0x0000000100000d90  push   %rbp
0x0000000100000d91  mov    %rsp,%rbp
0x0000000100000d94  sub    $0x120,%rsp
0x0000000100000d9b  mov    0x26e(%rip),%rax
0x0000000100000da2  mov    (%rax),%rax
0x0000000100000da5  mov    %rax,-0x8(%rbp)
0x0000000100000da9  mov    $0x100,%rdx
0x0000000100000db3  lea    -0x110(%rbp),%rax
0x0000000100000dba  mov    %rdi,-0x10(%rbp)
0x0000000100000dbe  mov    -0x10(%rbp),%rsi
0x0000000100000dc2  mov    %rax,%rdi
0x0000000100000dc5  callq  0x100000e8c <__strcpy_chk>
0x0000000100000dca  mov    0x23f(%rip),%rdx
0x0000000100000dd1  mov    (%rdx),%rdx
0x0000000100000dd4  mov    -0x8(%rbp),%rsi
0x0000000100000dd8  cmp    %rsi,%rdx
0x0000000100000ddb  mov    %rax,-0x118(%rbp)
0x0000000100000de2  jne    0x100000df1 <func+97>
0x0000000100000de8  add    $0x120,%rsp
0x0000000100000def  pop    %rbp
0x0000000100000df0  retq  
0x0000000100000df1  callq  0x100000e86 <__stack_chk_fail>
So, the compiler does a lot of work for us in order to prevent simple buffer overflows. The canary is initialized with a random value before main() runs, so it practically can not be defeated. But beware, an attacker may still influence the program behavior in different ways and deliberately not touch the canary.
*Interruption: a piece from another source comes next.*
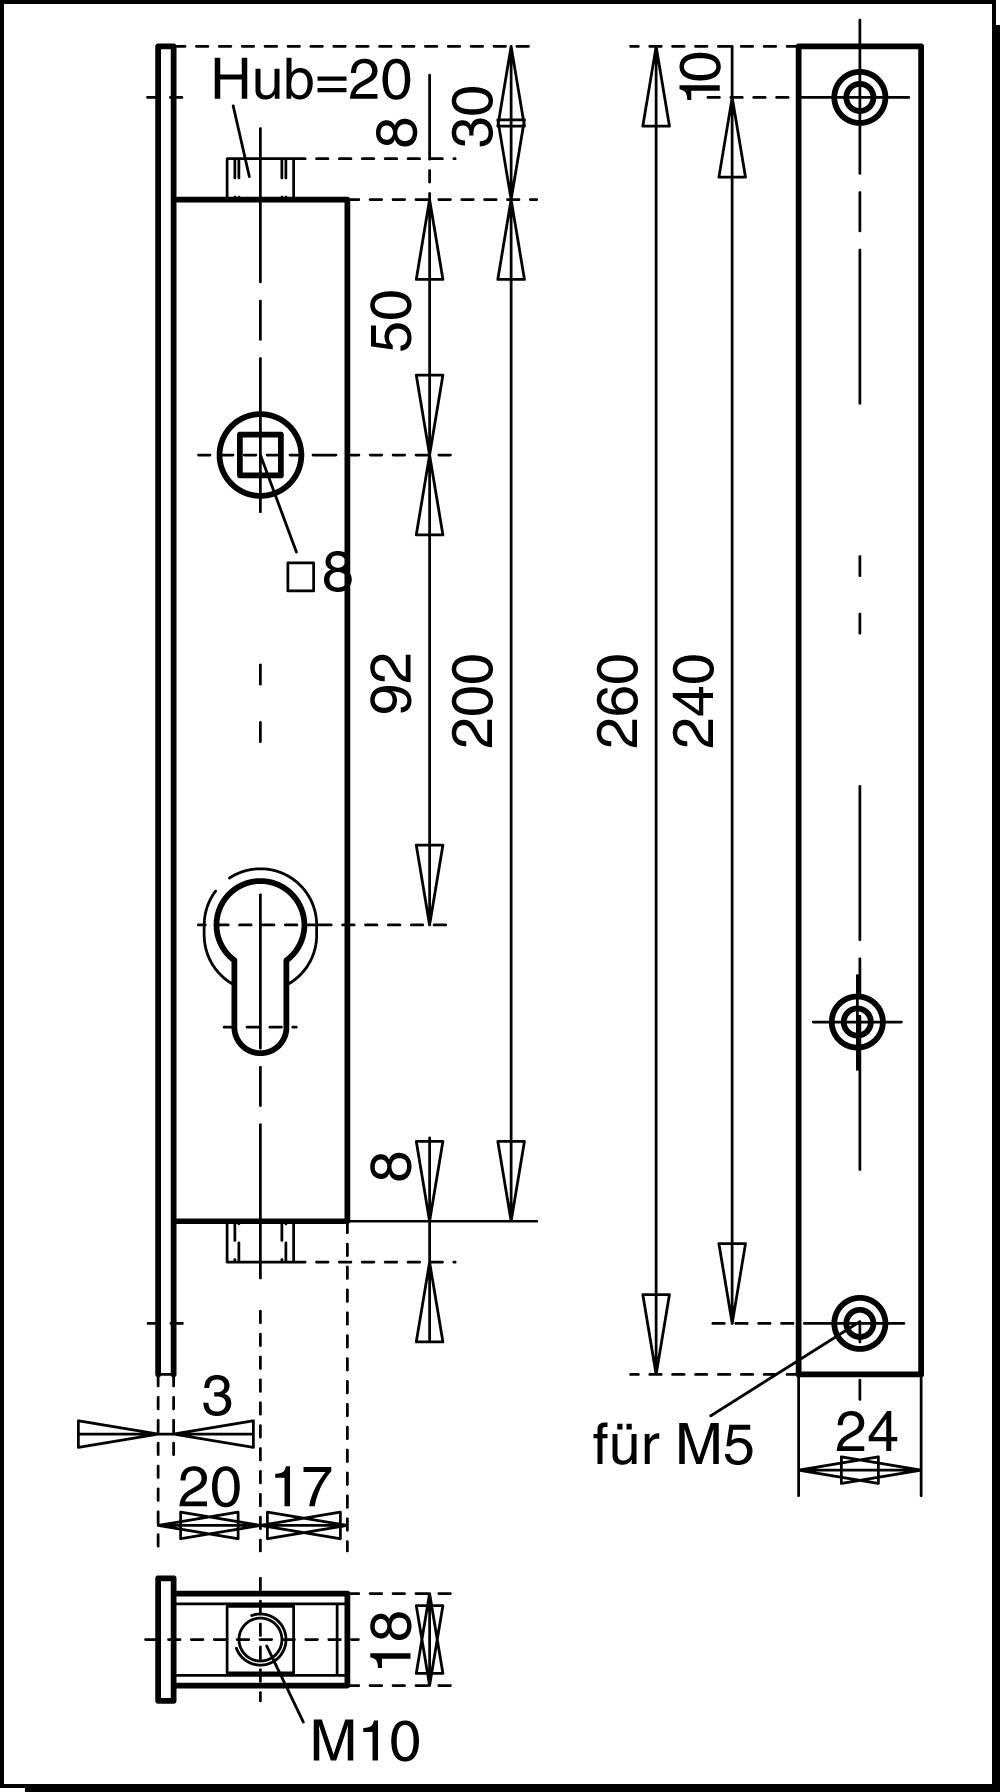 treibriegelschloss f r tore treibriegel treib kantriegel schl sser verriegelungen. Black Bedroom Furniture Sets. Home Design Ideas

Other techniques that help prevent buffer overflow attacks are ASLR (address space layout randomization) and DEP (data execution prevention) or NX pages (non-executable memory pages). Although they make it more difficult, these too can be circumvented by trickery.

Mind ye that all of this is plain impossible if only you (or the high-level language itself!) always properly check the size of the buffer and array bounds. It is something that C normally does not do for you, so be mindful that the compiler will not always be able to save you from writing insecure code.